The first is the selection of Laxman. "Chopra's inclusion was not debated, but Laxman's was. The lack of unanimity for the inclusion of Madhya Pradesh's Amay Khurasia and Maharashtra's Hrisikesh Kanitkar paved the way for Laxman's inclusion. Skipper Azharuddin suggested the name of Mumbai's Amol Muzumdar, but finally the committee chose Laxman."

I quote that from the Hindu. What brilliant thinking! If you cannot decide between Amay Khurasia and Hrisikesh Kanitkar, then you choose Laxman. Great!

``If India wins in Dhaka, there will be no change, the same team will go to Sharjah. But if India loses, then the selectors will meet again and make a few changes. Two of the present selectors were in Dhaka in January and they said the pitch at Dhaka is slow in the first session and helps the spinners in the second. They said the committee should select the team for Sharjah after the match against Australia or after the final,'' said Mr. Lele.

So, if Tendulkar, Ganguly, Azhar, Ajay, Sri, Kumble, Agarkar all perform well and India wins, then Laxman, Chopra, and Prasad will retain their place for the next tournament. But, if Tendulkar and Kumble and the others fail, then Laxman, Chopra etc will be axed. Brilliant, again, the fate of the reserves hinges on the performance of the playing eleven!

Frankly, I couldn't help laughing when I read this.
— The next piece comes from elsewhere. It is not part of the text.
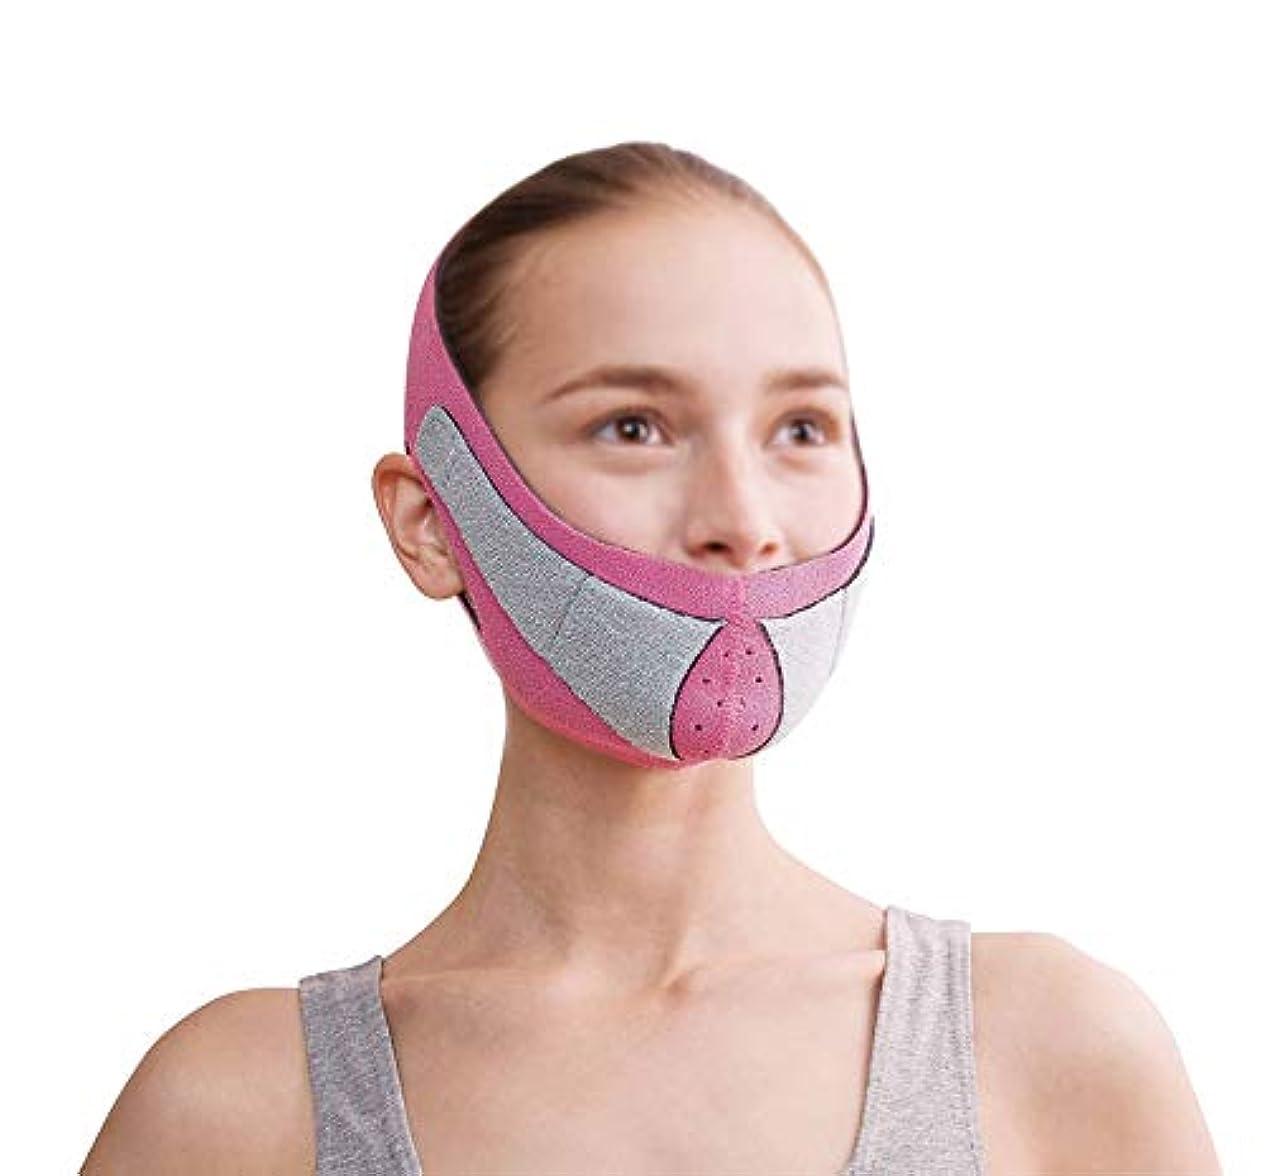 彼自身雑多なまもなくTLMY 薄い顔のマスクのマスクと垂れ下がり防止の薄い顔のマスク薄い顔のマスクのアーティファクトの美しさの首ネックストラップを引き締め 顔用整形マスク

Mainly because it underlines the naivete of the selection committee, and of the BCCI secretary, who blithely imagine, while putting out their statements, that the average fan is incapable of understanding the sheer idiocy of some of their decisions.

In fact, I have time and again been told that only a few maverick media types like me are on this trip of constantly criticising the selection committee and the BCCI, that the average cricketer and the average fan are quite happy with the way things are.

Would someone -- Lele, the selectors, whoever? -- care to check with a Harbhajan or a Khurasia about the extent of their happiness? As to the fans, what do the above mails indicate but the fact that they are as shrewd as the media, perhaps even more so, when it comes to informed analysis?

The mail does in fact raise a question about the thought process of the selection committee -- when you are deadlocked over two players (and here, even the deadlock suggests that performance doesn't count, since Khurasia certainly has outperformed Kanitkar in recent times) a third player is taken? That defies logic! As does Lele's addendum about a further selection committee meeting to pick the team for Sharjah -- frankly, I cannot see any reason for that, other than the fact that another meeting will give the selectors, and Lele, the opportunity for another junket -- flights to the venue, five star accomodation, the works, not to mention the payment, not just for the day of the meeting but, by the one day before one day after rule, for the days preceeding and following.

I have only one other thought to add, and this relates to Lele's reason for dropping Harbhajan Singh ("If he is picked and they call him in Dhaka, we will be one bowler short!"

Oh really, Mr Lele? Let's see, the team as picked has 14 players. I would think the side will go in with only four bowlers, that has been our norm of recent times. Even assuming the plan is to play five bowlers, let us just change that team list, scratch Nikhil Chopra and include Harbhajan Singh.

What do we get? A bowling lineup of say Srinath, Prasad, Agarkar, Kumble and Bajju. Assume that the offie is called in course of the first game -- India still has Robin Singh and Saurav Ganguly to fill in the required ten overs in that game. And for the next -- assuming they win the first one -- they can bring in Sunil Joshi.

So how does picking Bajju leave the team one short, exactly?

It is time for the Leles of this world to wake up and smell the coffee, I would think. To realise that you can't fool all the people all the time is something that must have become apparent, by now, even to him.